The CM Spring Gala was held in the Sheraton Hotel in Norwood, about twenty-one miles south of Boston. It was during a Friday afternoon rush hour, in an out-of-the-way location, on a chilly day, beyond Boston’s public transportation system. Hotel security, alerted to the picket, closed off an adjoining parking lot, forcing participants to park some distance away.
Another pro-life organization was holding its regular vigil, at the same time, at the Planned Parenthood abortuary in Boston. It was also a Friday in Lent, when many faithful Catholics would be attending Stations of the Cross.
Despite these obstacles, about eighty dedicated pro-lifers arrived to defend the Catholic Faith, vindicate the Right to Life, and bear witness against the apostasy and corruption of the misnamed Catholic Memorial. They came not to condemn Marty Walsh, but to reform the Church.

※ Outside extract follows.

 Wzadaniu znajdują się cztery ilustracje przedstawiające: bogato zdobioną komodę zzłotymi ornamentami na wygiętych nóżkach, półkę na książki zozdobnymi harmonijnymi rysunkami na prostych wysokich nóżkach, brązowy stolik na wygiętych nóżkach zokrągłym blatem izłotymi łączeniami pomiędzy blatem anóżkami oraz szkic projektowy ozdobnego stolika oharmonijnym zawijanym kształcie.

The demonstration was legal, peaceful, and prayerful. Participants engaged in constitutionally protected, expressive First Amendment activity.

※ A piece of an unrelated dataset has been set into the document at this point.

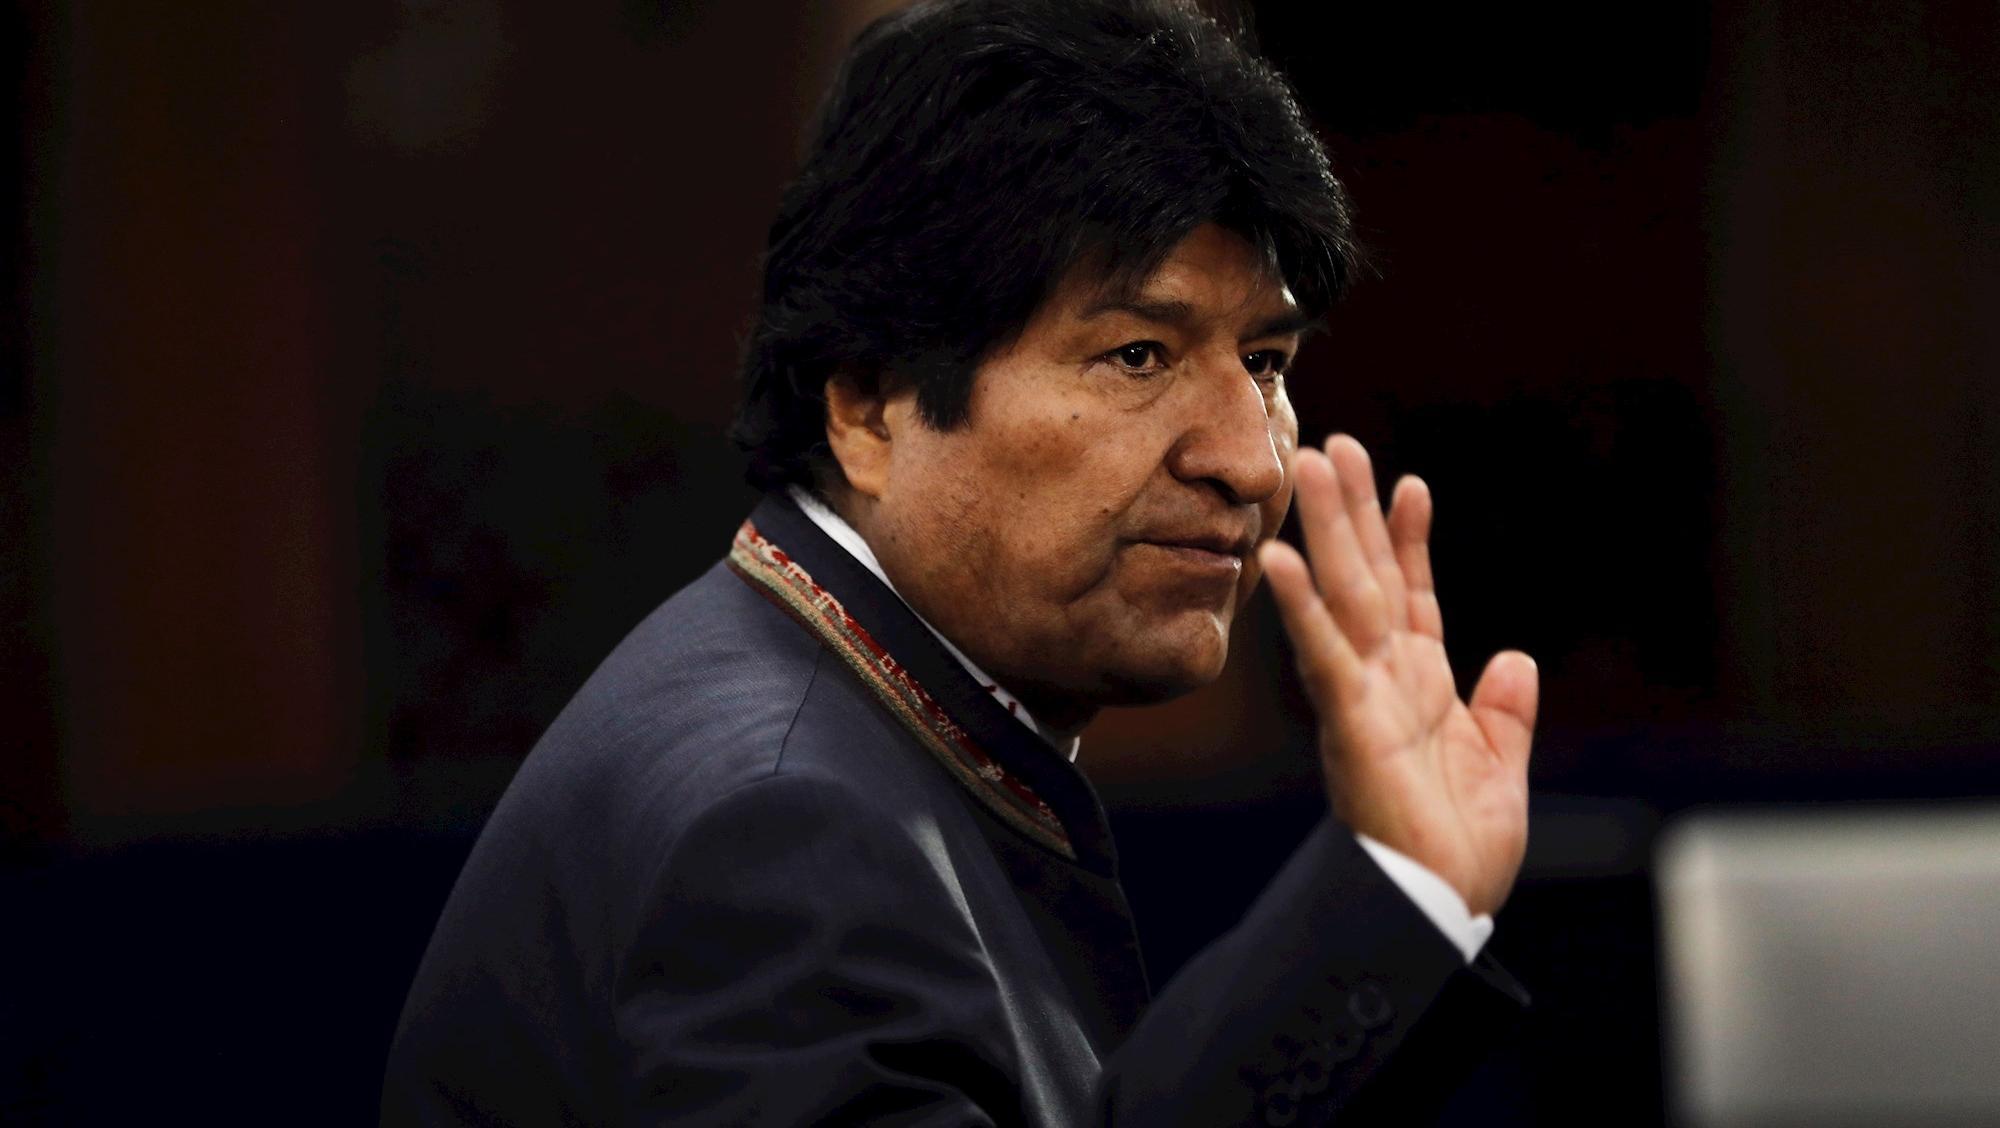 La situación en Bolivia dividió opiniones en la coalición Juntos por el Cambio.

Though earnest in their opposition to the travesty inside, the atmosphere among pro-lifers was joyous. They were happy to see one another, encouraged by support from passersby, and elated and energized by the higher-than-expected turnout.
As there was only one entrance to the hotel, on a divided highway, every guest entering the facility passed scores of pro-life witnesses, many holding signs reminding them of the cruel abandonment of the unborn. One university student brought a banner of Our Lady of Guadalupe, Patroness of the Unborn.

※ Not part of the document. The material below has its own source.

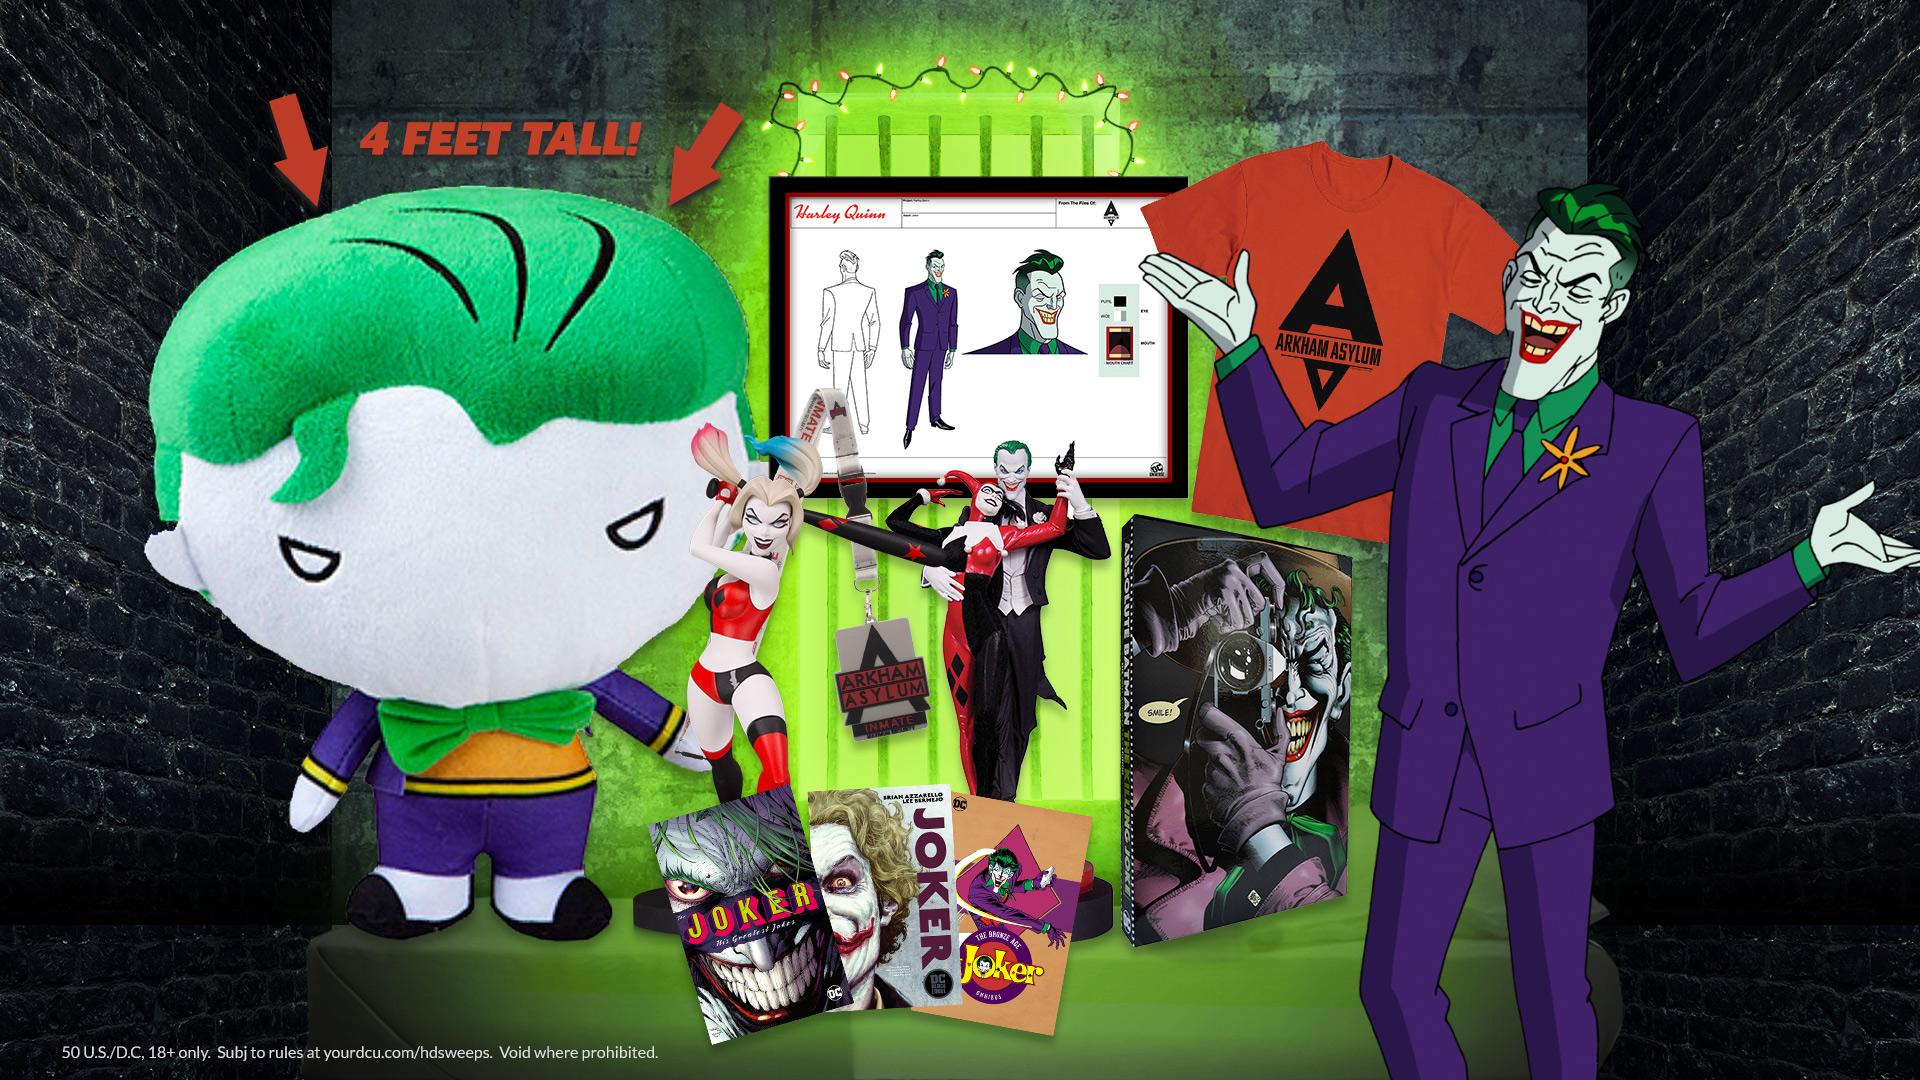 joker-hero-c2.jpg

Inside, the atmosphere was anything but joyous, or even serene. There was an unusually heavy security presence. More than a half dozen private guards and Norwood police officers patrolled the event, with additional guards in the parking lot outside, constantly harassing demonstrators for having one foot over the property line.
It seems that organizers of the banquet were convinced that violent pro-lifers — many of them clutching Rosary beads — would crash the dinner, storm the podium, and disrupt the proceedings. According to one report, they were even eyeballing paying guests for fear that an imposter would rise up and cause a disturbance.
These unwarranted apprehensions are a reminder of how disconnected Catholic elites are from ordinary, faithful Catholics. It would seem that their only knowledge of the pro-life movement is derived from what they read in The Boston Globe, where a writer once referred to “typical anti-abortion zealots, screaming obscenities and foaming at the mouth.”
The only profanities heard that evening were from angry attendees, offended that anyone, even in silence, by their very presence, would disturb their consciences.
Walsh received his award, with former Suffolk County District Attorney Dan Conley, and current Boston City Council president Ed Flynn, looking on. A reported $1.1 million was raised from the banquet.
Meanwhile, outside, pro-lifers believed they just participated in a historic exercise in Catholic loyalty and pro-life solidarity — a hopeful sign for the future.
C.J. Doyle is the Executive Director of the Catholic Action League of Massachusetts, and one of the founders of the Massachusetts Pro-Life Coalition.